Mahatma Gandhi Museum was formerly Alfred High School (also known as Mohandas Gandhi High School or Kathiawar High School) in Rajkot was one of the oldest educational institutions in India which was active for 164 years where Mahatma Gandhi studied for a few years.

==History of school==
This school was constructed during British rule in India by political agent Kernel Singh, and was the first English school in the saurashtra (region). Originally called Rajkot English School, it was founded on 17 October 1853, and later became a full-fledged high school. By 1868 it came to be known as Rajkot High School, and was named Alfred High School in 1907. The present buildings of the Alfred High School were built for Kathiawar by the Nawab of Junagadh, Nawab Nawab Sir Muhammad Bahadur Khanji Babi, and was named Prince Alfred, the Duke of Edinburgh, as a memorial. This school was opened in January, 1875 by Sir Philip Wodehouse, Governor of Bombay. Following India's independence in 1947, the school was renamed the "Mohandas Gandhi High School" in honour of Gandhi.

===Mohandas Gandhi===
Mahatma Gandhi graduated from Rajkot High School in 1887 at age 18. Accounts vary on Gandhi's time at the school. Several accounts suggest he was a quiet and academically unremarkable student who did not participate in sports or extracurricular activities. Gandhi said of his schooling, "I had not any high regard for my ability. I was to be astonished whenever I won prizes and scholarships". However, Rajmohan Gandhi suggests that this view comes from a misreading of his "self-deprecating" autobiography. Out of 38 students who had passed the high school entrance examination, Gandhi was one of only two students in his year to matriculate. Following graduation Gandhi enrolled at the Samaldas College in Bhavnagar, where he stayed for one term before travelling to London.

==Museum==

===History===
In 2017, the school was closed and announced that it will be converted into museum. Due to the less student count around 100 where hardly one third attended the school regularly (out of 100). Subsequently the Rajkot municipal corporation decided to close down the school and convert it into a museum so the youngsters can learn about the events that shaped Gandhi's life and shaped India's freedom struggle.
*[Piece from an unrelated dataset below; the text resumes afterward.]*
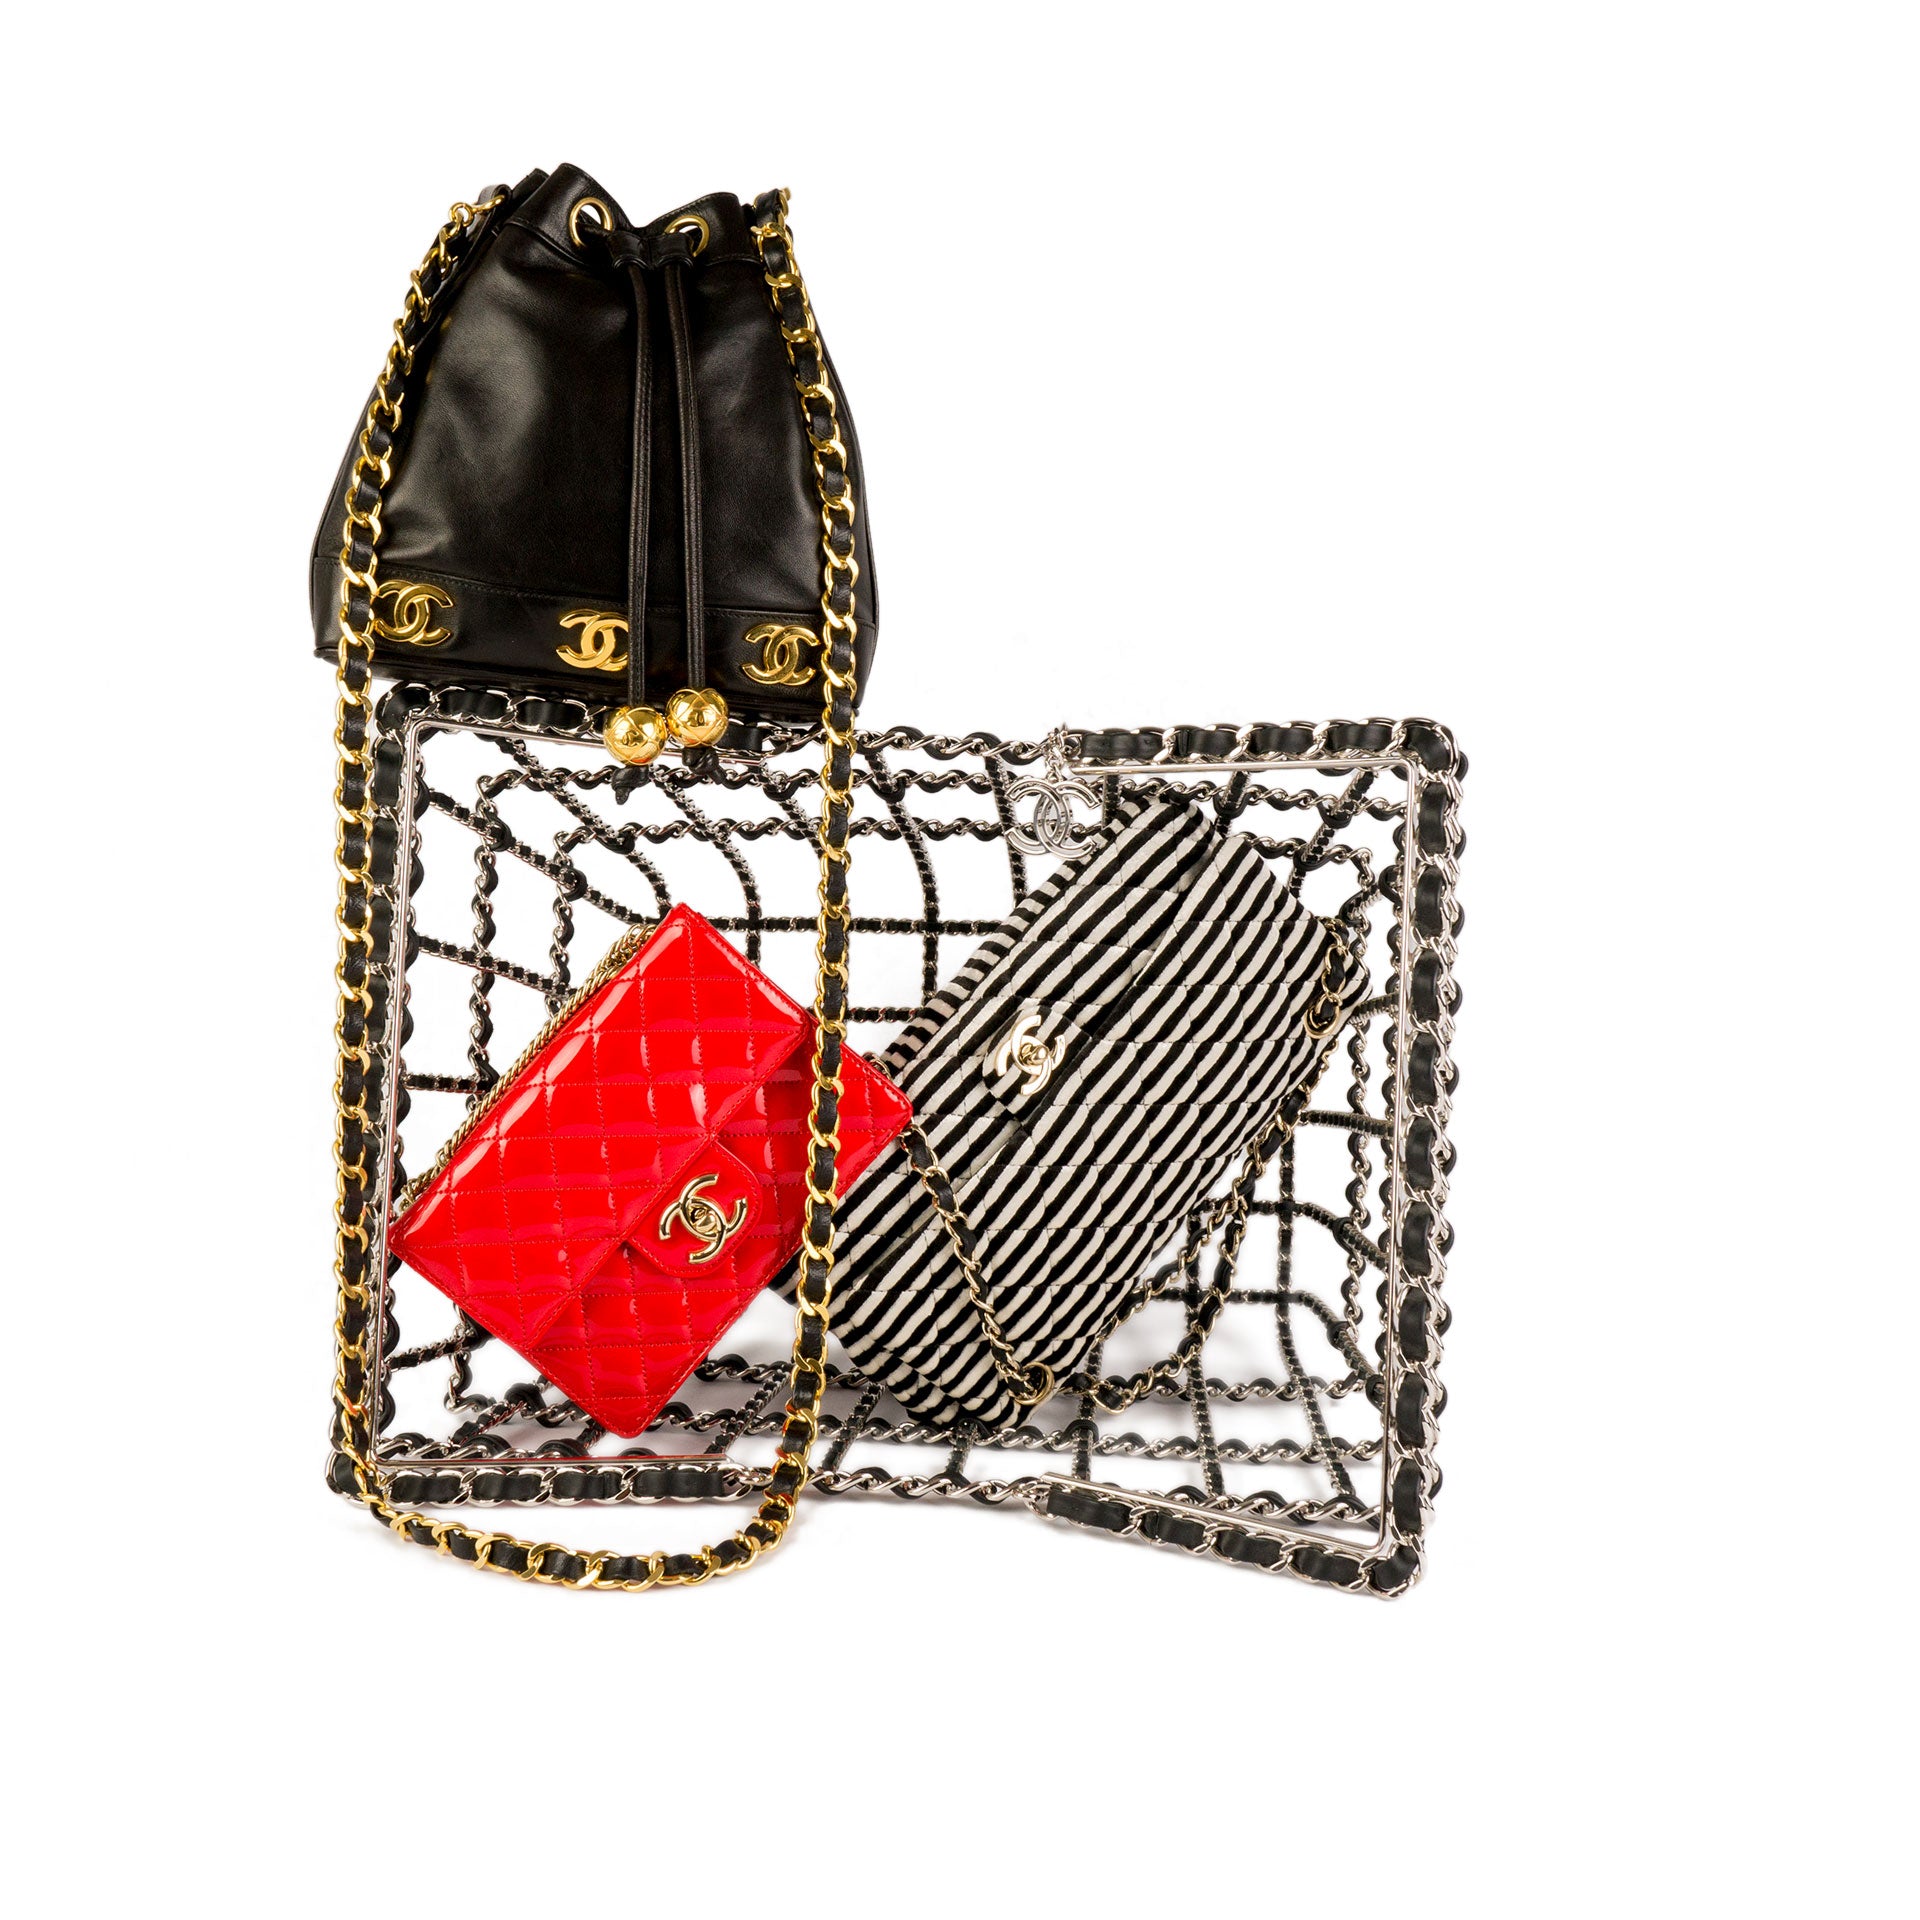 mini flap bag chanel red handbag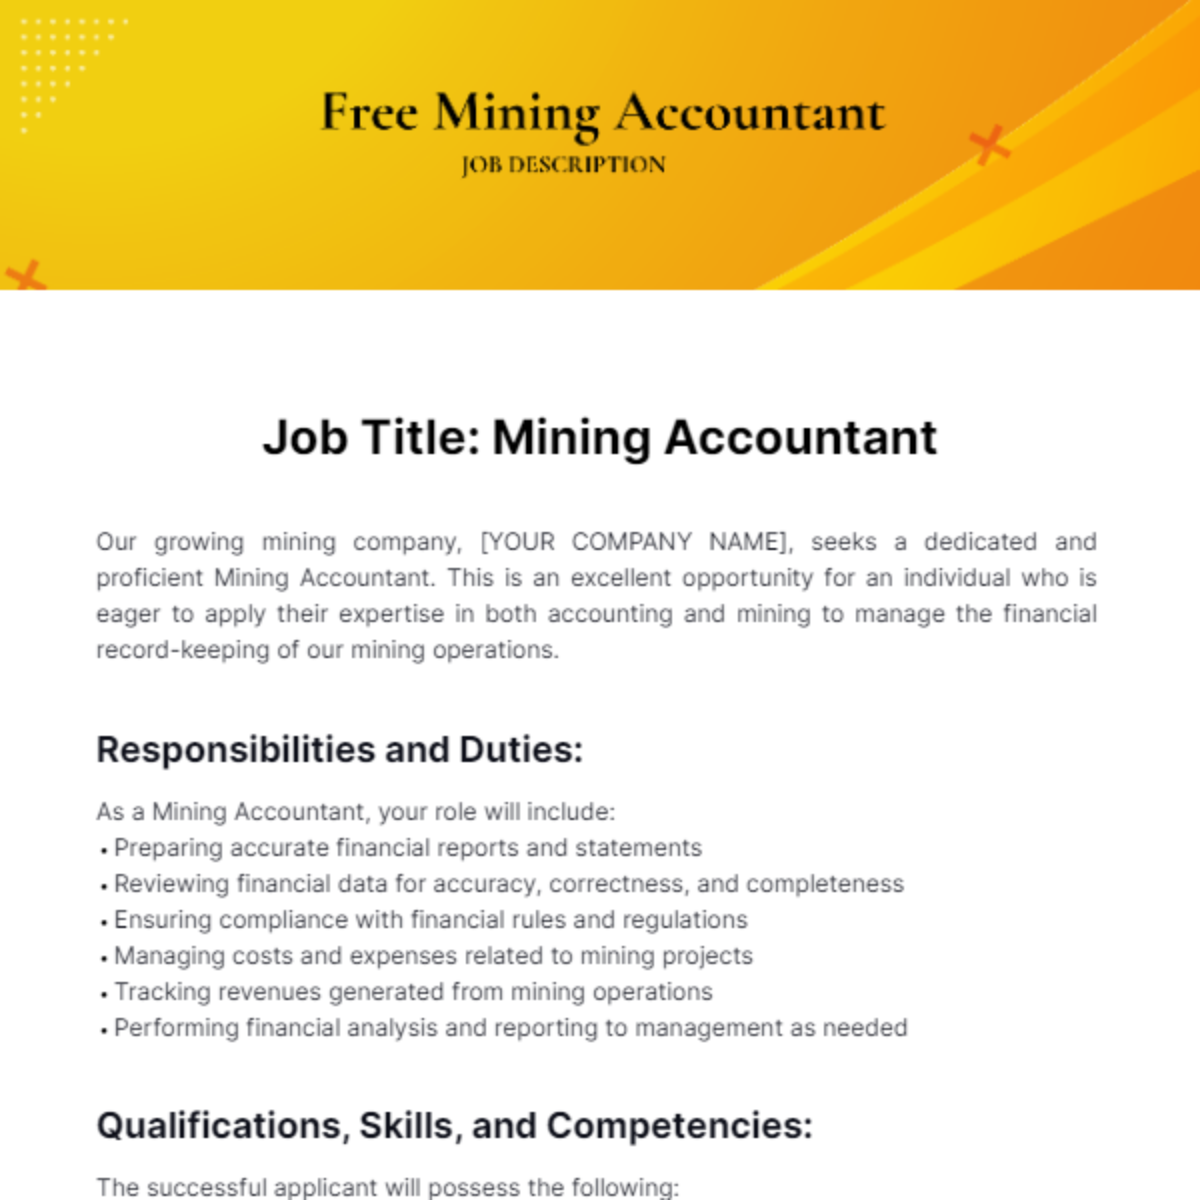 Free Mining Accountant Job Description Template

The project was finished at the approx cost of ₹26 crores (₹260 millions).

On 30 September 2018, then Hon. Prime Minister of India Shree Narendra Modi along with Chief Minister of Gujarat Shree Vijay Rupani and Deputy Chief Minister Shree Nitin Patel inaugurated the museum as celebration of 150th birth anniversary of Gandhiji. The museum is operated jointly by Rajkot Municipal Corporation (RMC) and Gujarat Tourism.

===Features===
The museum has repurposed school rooms into galleries totaling at 39. Visitor navigate sequentially through each gallery where dedicated narrator guides and depicts briefly. Ground floor has 18 & top floor consists of 21 such galleries.

Galleries are equipped with modern technology including air-conditioned rooms, sensor-aware models, projectors with audio speakers, touch screen kiosks with headphones, 3D models and different lighting. Light and sound show is regular occurrence after sunset, making it more attractive to children. Along with galleries museum also has following amenities:

- Museum guide
- Ticket counter & Cloakroom
- Helpdesk
- Library
- Children Area
- ATM
- Parking
- Toilet
- Garden
- Food Court

===3D Projection Mapping Show===
The Mahatma Gandhi Museum also features a 3D Projection Mapping Show that narrates the life, values, and message of Mahatma Gandhi. The show uses advanced 3D building-mapping projection technology combined with laser projection, synchronized sound, and light effects to create an immersive visual experience for visitors.